Each CC will also appoint one research coordinator to oversee the conduct of Network clinical trials. Under the direction of the PI, the Research Coordinator is responsible for ensuring the successful conduct and coordination of Network protocols.
The Research Coordinator is responsible for:
- Assisting in the day-to-day operations of implementing Network protocols, including adhering to protocols, collecting data, supervising data transmission, monitoring data quality, training staff, procuring study equipment and supplies, and liaising with follow-up clinic staff to ensure appropriate study participant follow-up.
- Maintaining routine data quality assurance methods for staff under his/her/their supervision and assisting the PI with quality assurance at the CC and all of its satellite sites.
- Supervising data entry activities, including instructing and certifying data entry personnel in software and hardware usage.
- Maintaining a central file of protocols, manuals, data forms, regulatory documents, network correspondence, and performance reports in accordance with Good Clinical Practice (GCP).
- Collaborating with the PIs (including non-Network PIs) and DCC in developing protocols, manuals of operation, and data collection forms. Assisting in answering Network queries for information, such as those needed to inform protocol development and improve protocol implementation.
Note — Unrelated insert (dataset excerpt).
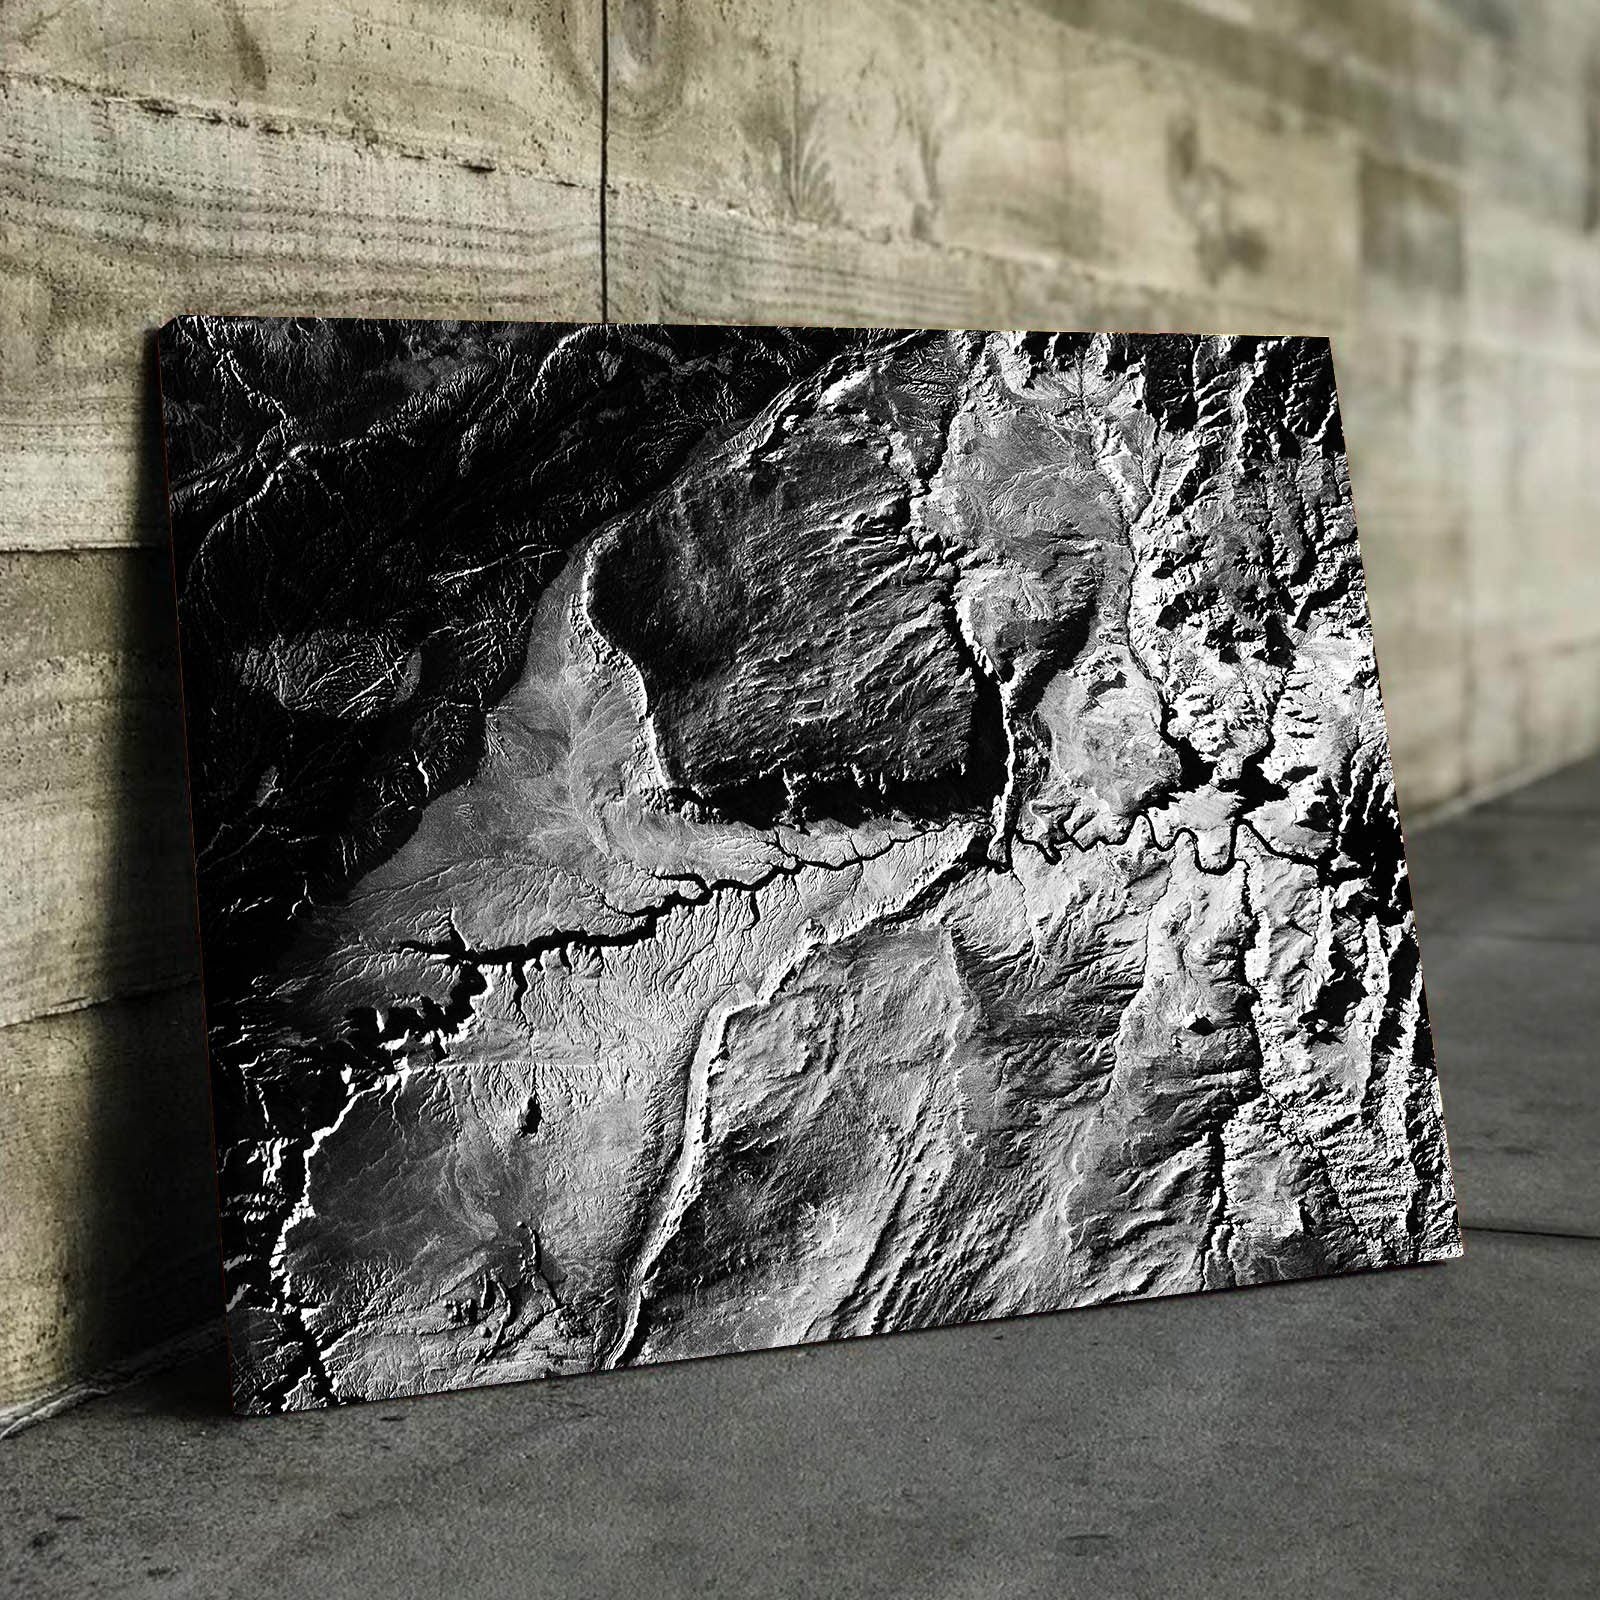 Lake Powell From Space | Monochrome 1 | Gallery Quality Canvas Wrap - Houseboat Kings

- Attending at least two Steering Committee meetings per year, the monthly Coordinator conference call, and the meetings of any subcommittees of which they are a member.
The Research Coordinator supervisory duties should require no more than half time; the remainder of efforts should be devoted to Network subject recruitment and day-to-day site needs and administrative issues, including IRB submissions and renewals, SC attendance, site visits, training sessions, protocol development, participation in conference calls, etc., as well as CC data collection as required.
Data entry personnel
Data entry personnel are responsible for entering data and preparing and uploading documentation into Network data management system(s) in a timely manner.
Personnel conducting data abstracts from the medical records should have relevant medical expertise and training in the Network protocols, manuals, and forms and in the hospital medical records (electronic and hard copy). Appropriate supervision and oversight are required to ensure high data quality.